» **GIVEN INFORMATION**:
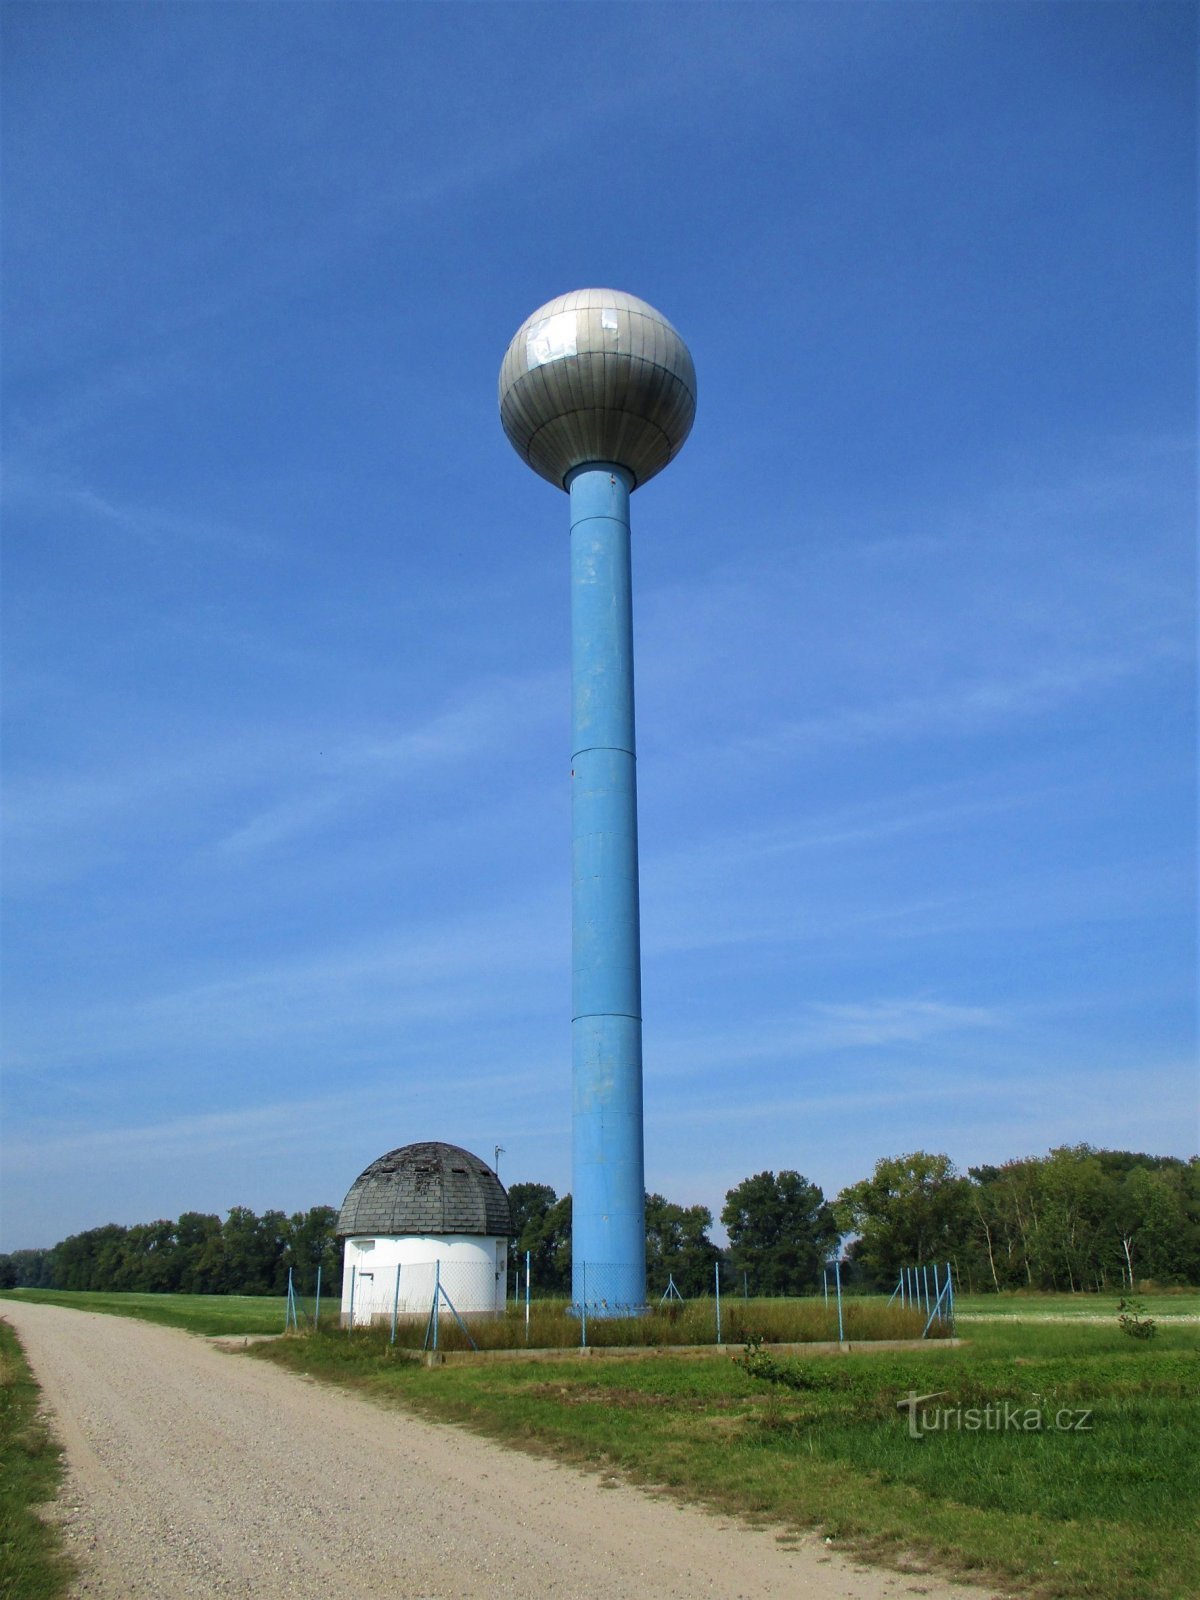 Serbatoio idrico della torre Aquaglobus (Kratonohy, 13.9.2020/XNUMX/XNUMX)
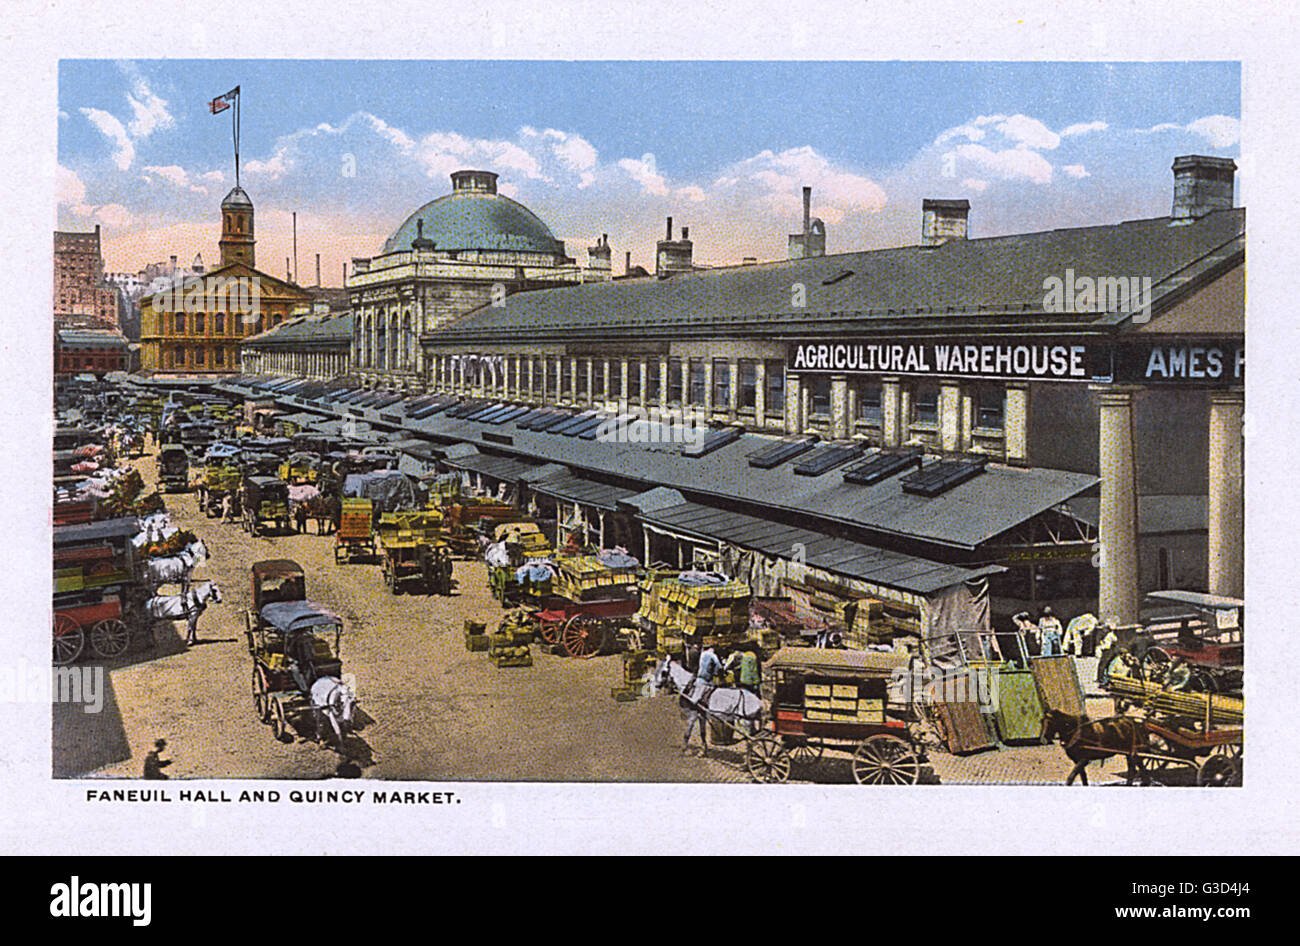 Faneuil Hall and Quincy Market, Boston, Massachusetts, USA Stock Photo
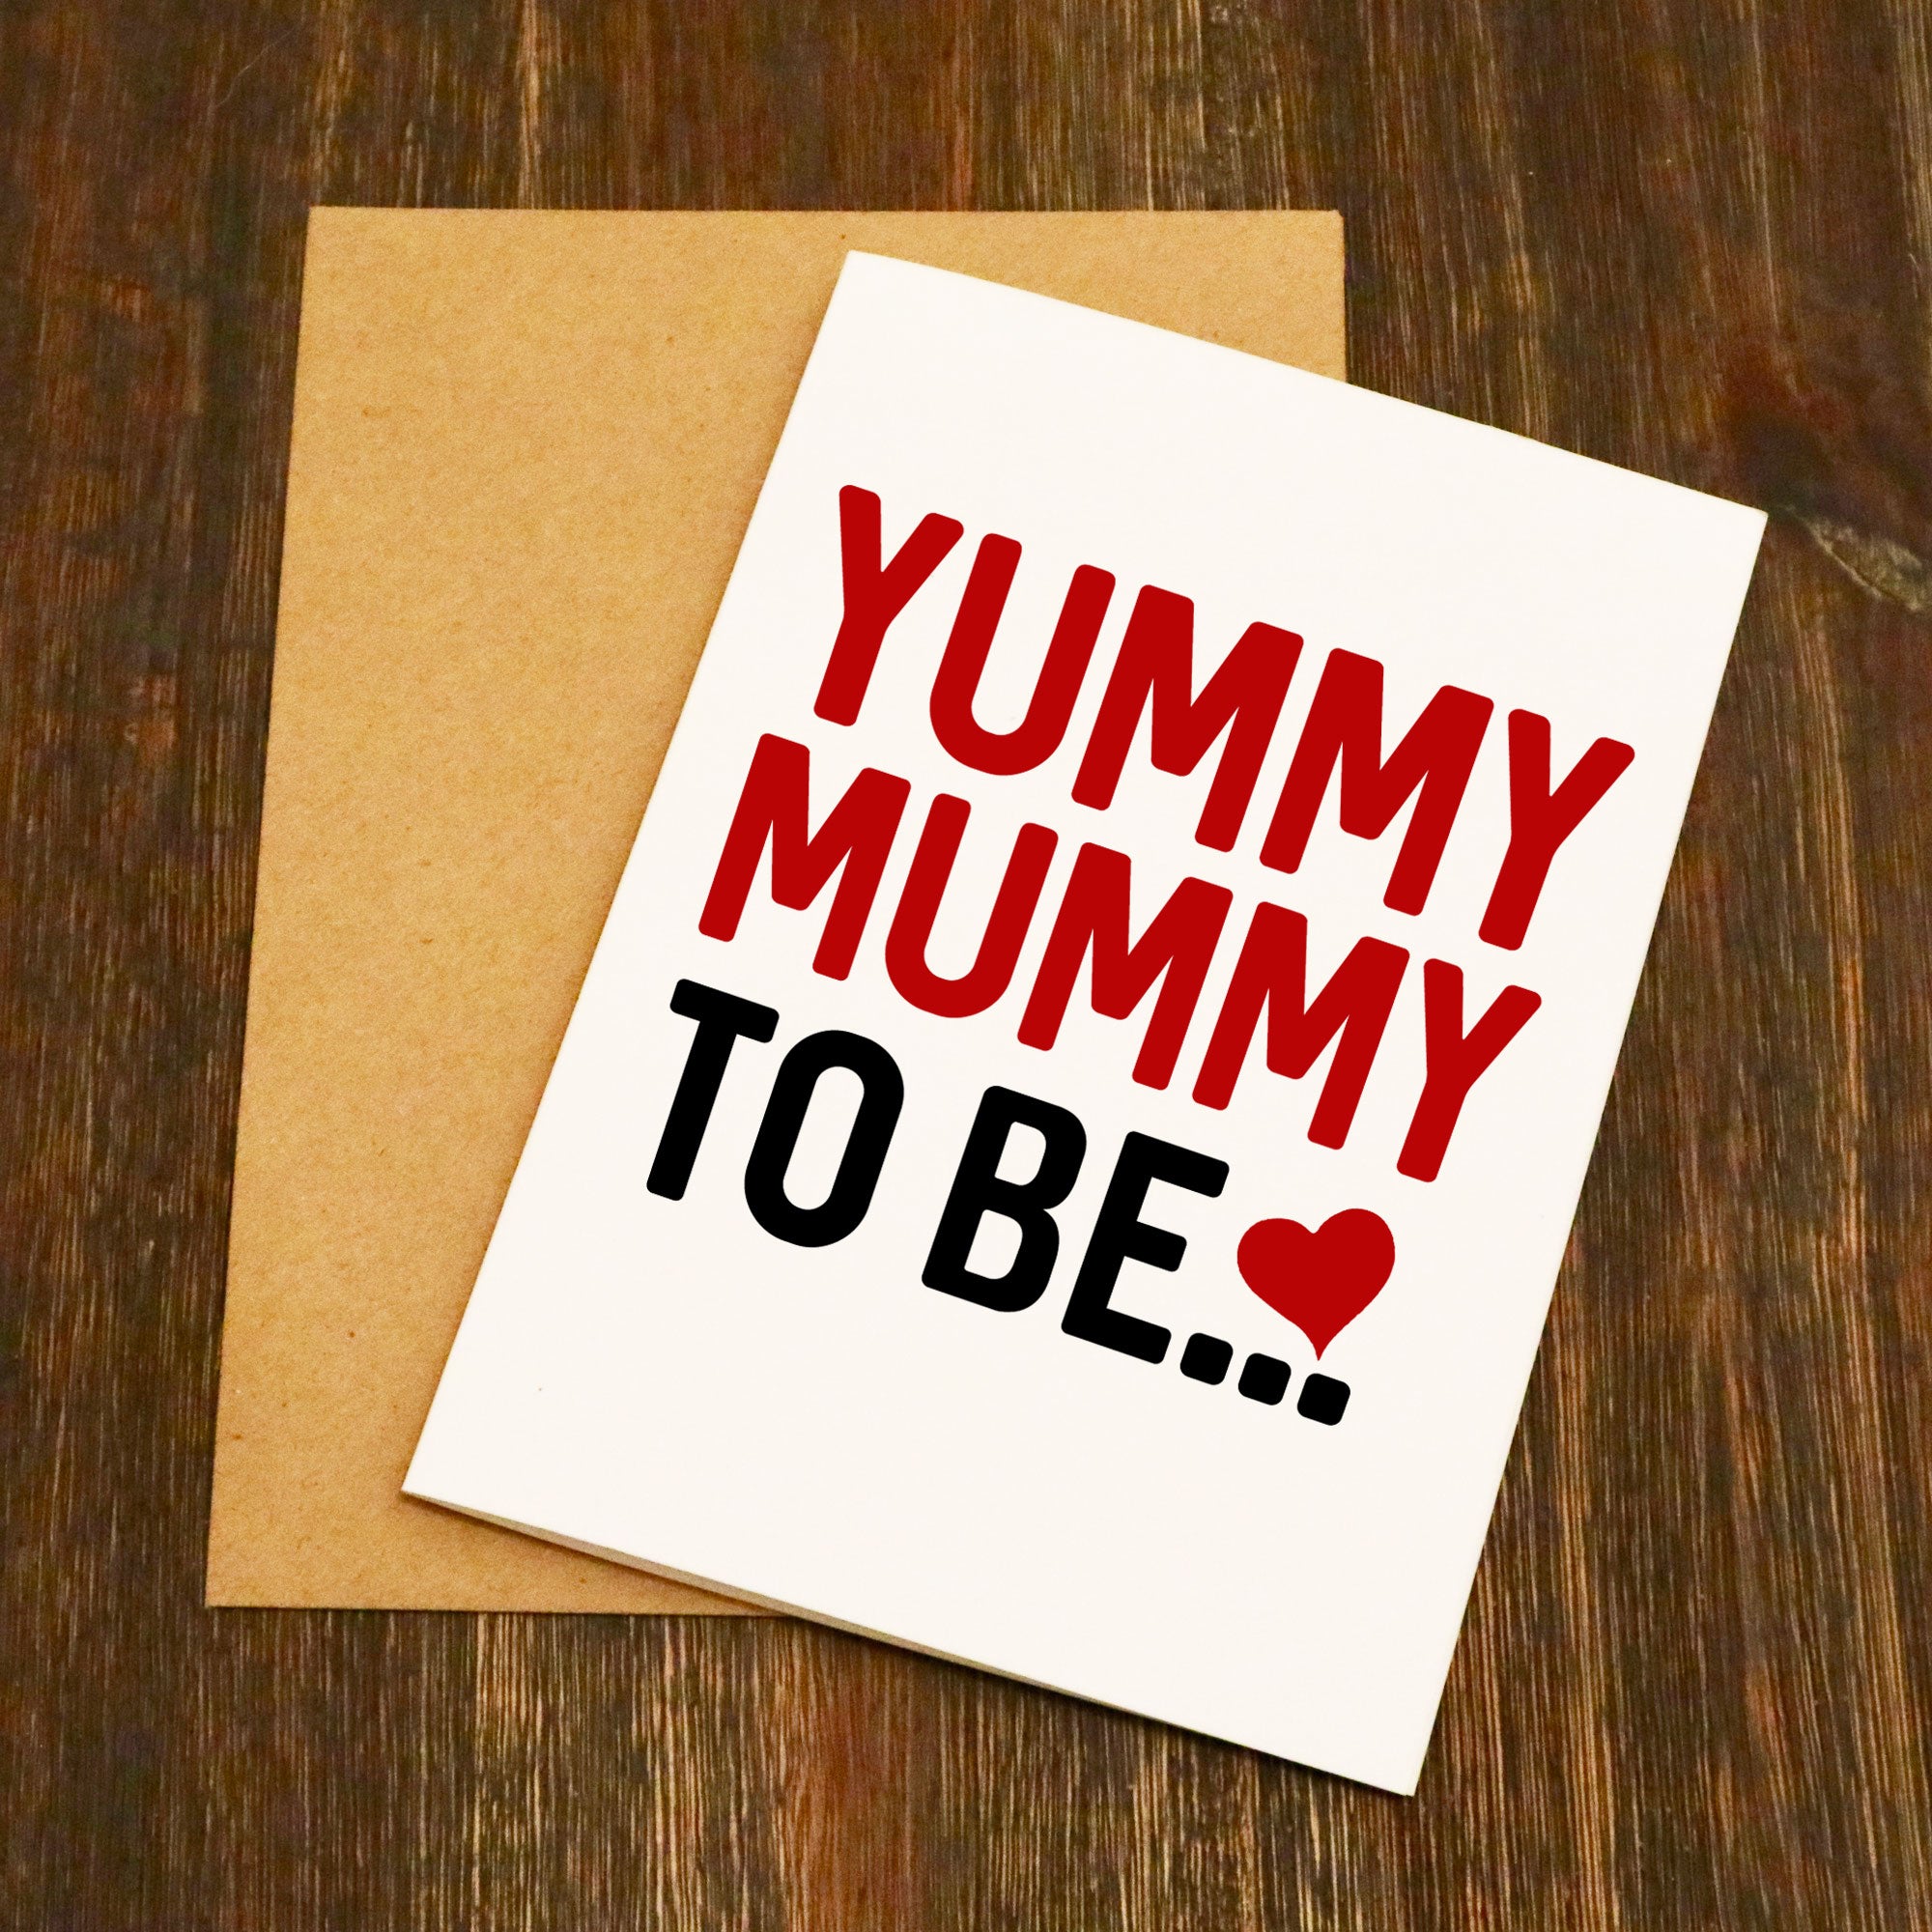 Bold Yummy Mummy To Be... Greetings Card

» **YOUR GOAL**: Leave out the pictures and print every line of the data exactly.

» **EXERCISE OUTPUT**:
 Serbatoio idrico della torre Aquaglobus (Kratonohy, 13.9.2020/XNUMX/XNUMX)
 Faneuil Hall and Quincy Market, Boston, Massachusetts, USA Stock Photo
 Bold Yummy Mummy To Be... Greetings Card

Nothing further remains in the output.